DATASET EXTRACT START

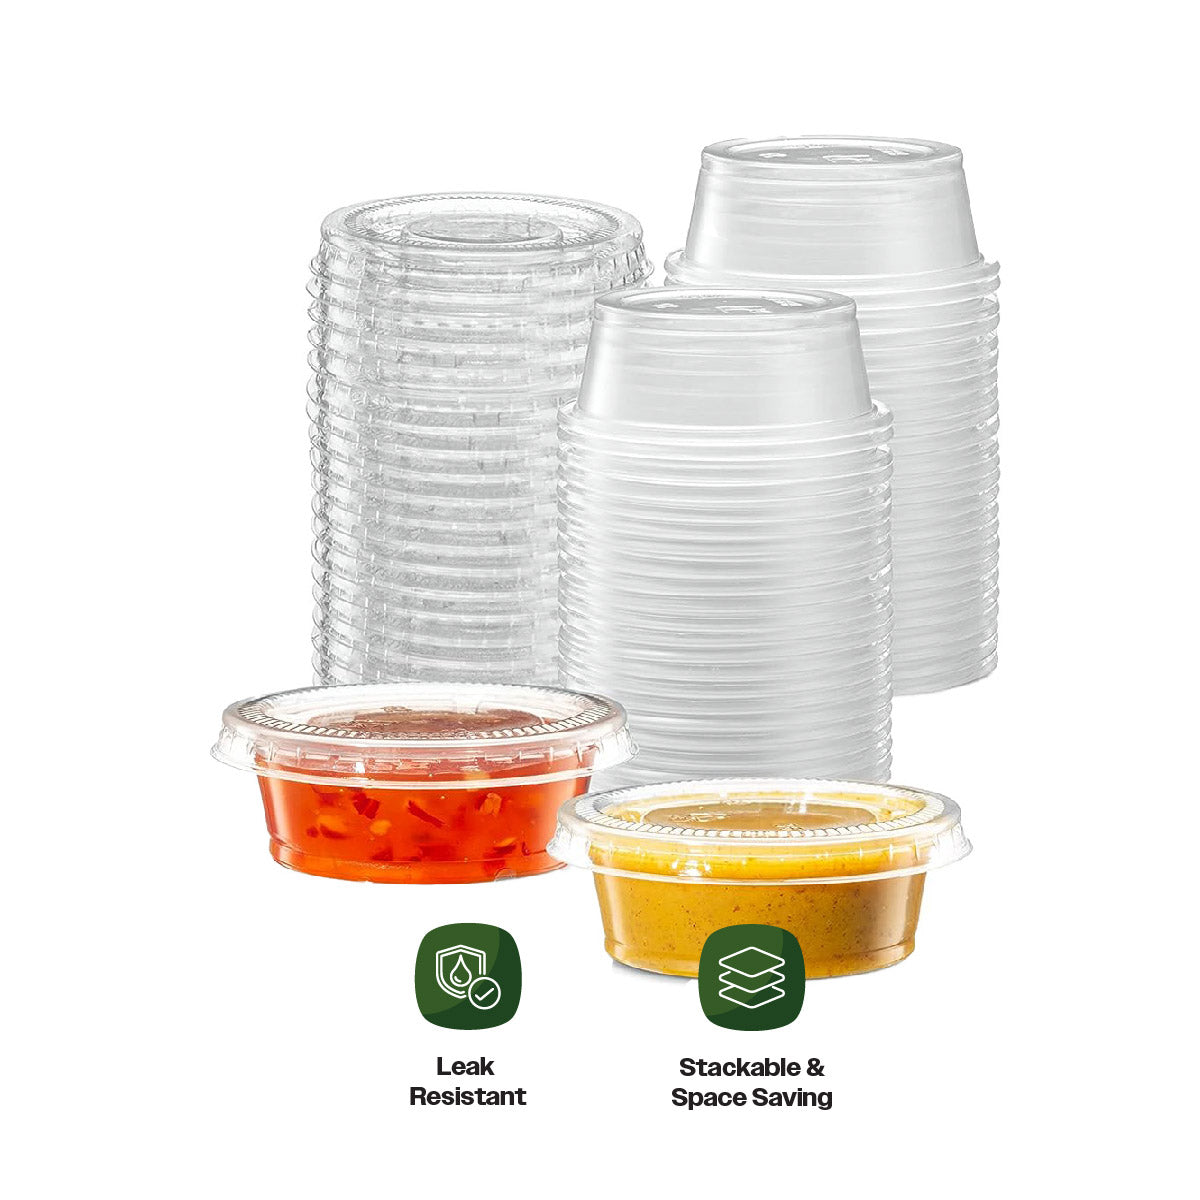 CIAO! 1.5OZ PP Clear Portion Cup (Case of 2,500)
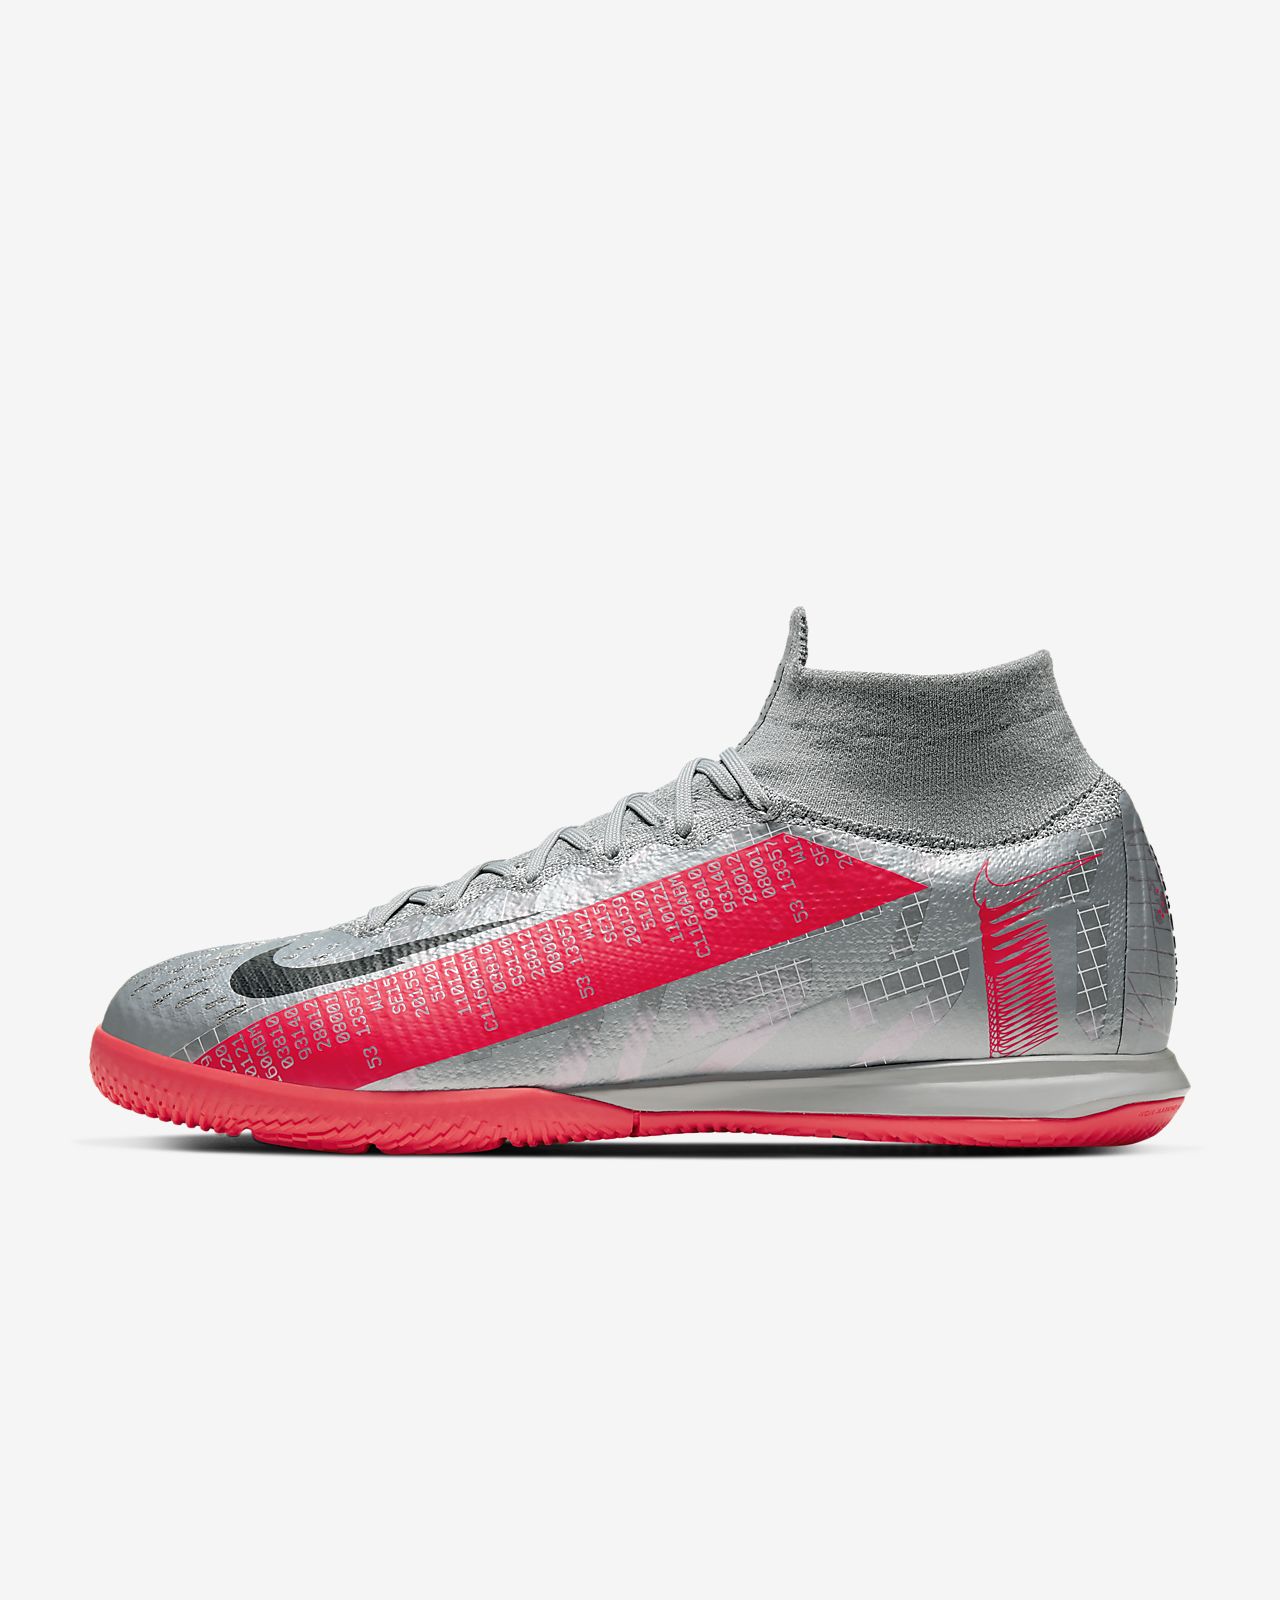 ANP Store 2019 Men 's Soccer Cleats Mercurial Superfly 7.
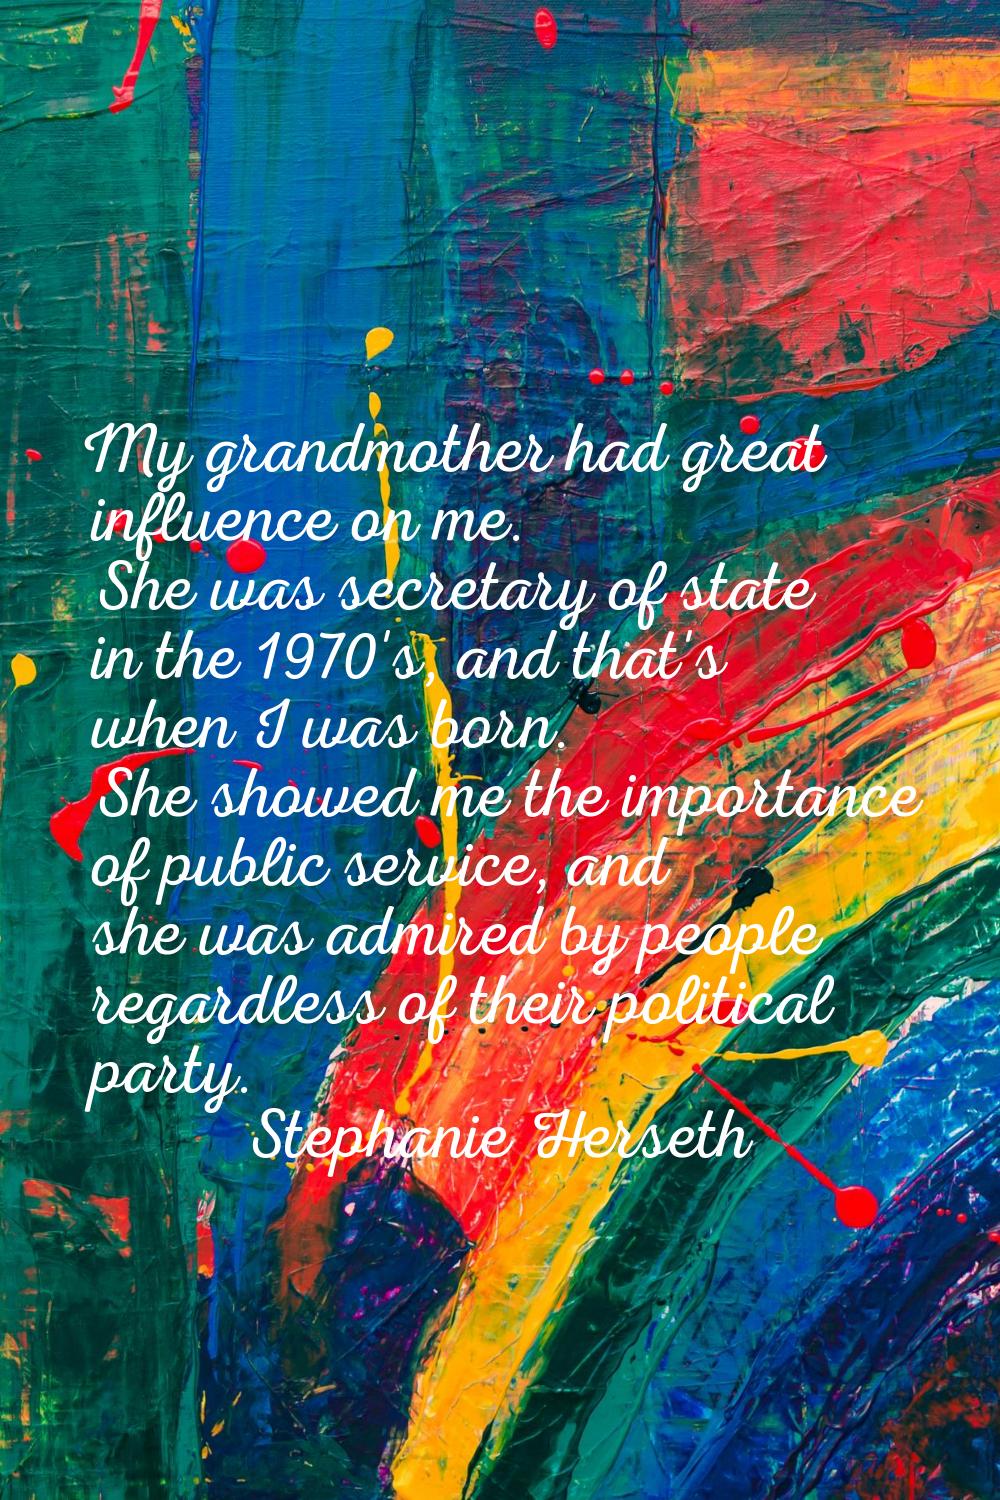 My grandmother had great influence on me. She was secretary of state in the 1970's, and that's when
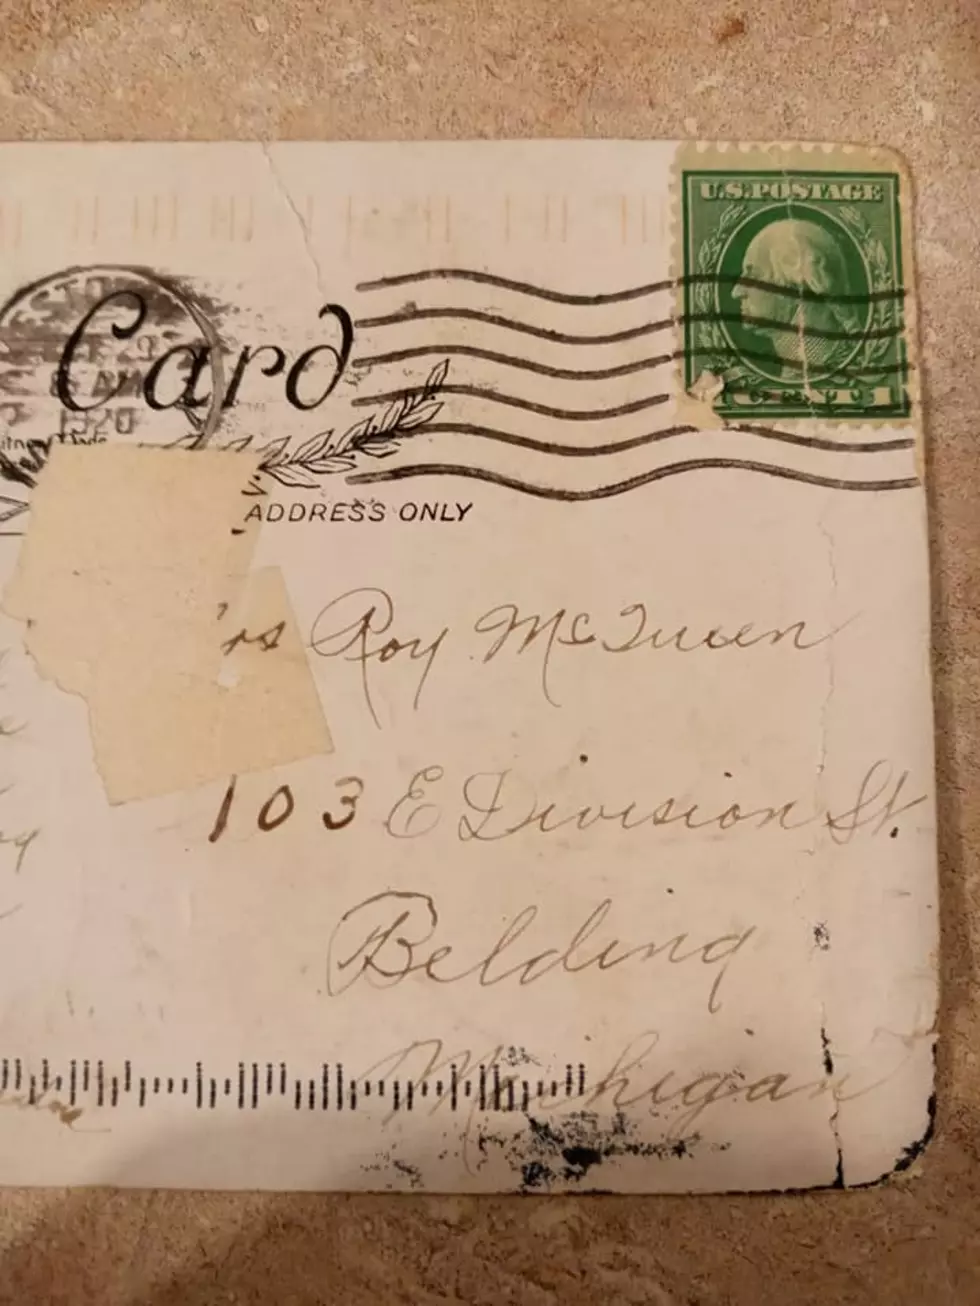 Great Scott: Michigan Woman Delivered 100 Year Old Postcard

DATASET EXTRACT END

▸ **THE PROBLEM**: Exactly repeat the data above; the pictures do not belong in your copy.

▸ **SOLUTION TO THIS PROBLEM**:
 CIAO! 1.5OZ PP Clear Portion Cup (Case of 2,500)
 ANP Store 2019 Men 's Soccer Cleats Mercurial Superfly 7.
 My grandmother had great influence on me. She was secretary of state in the 1970's, and that's when
 Great Scott: Michigan Woman Delivered 100 Year Old Postcard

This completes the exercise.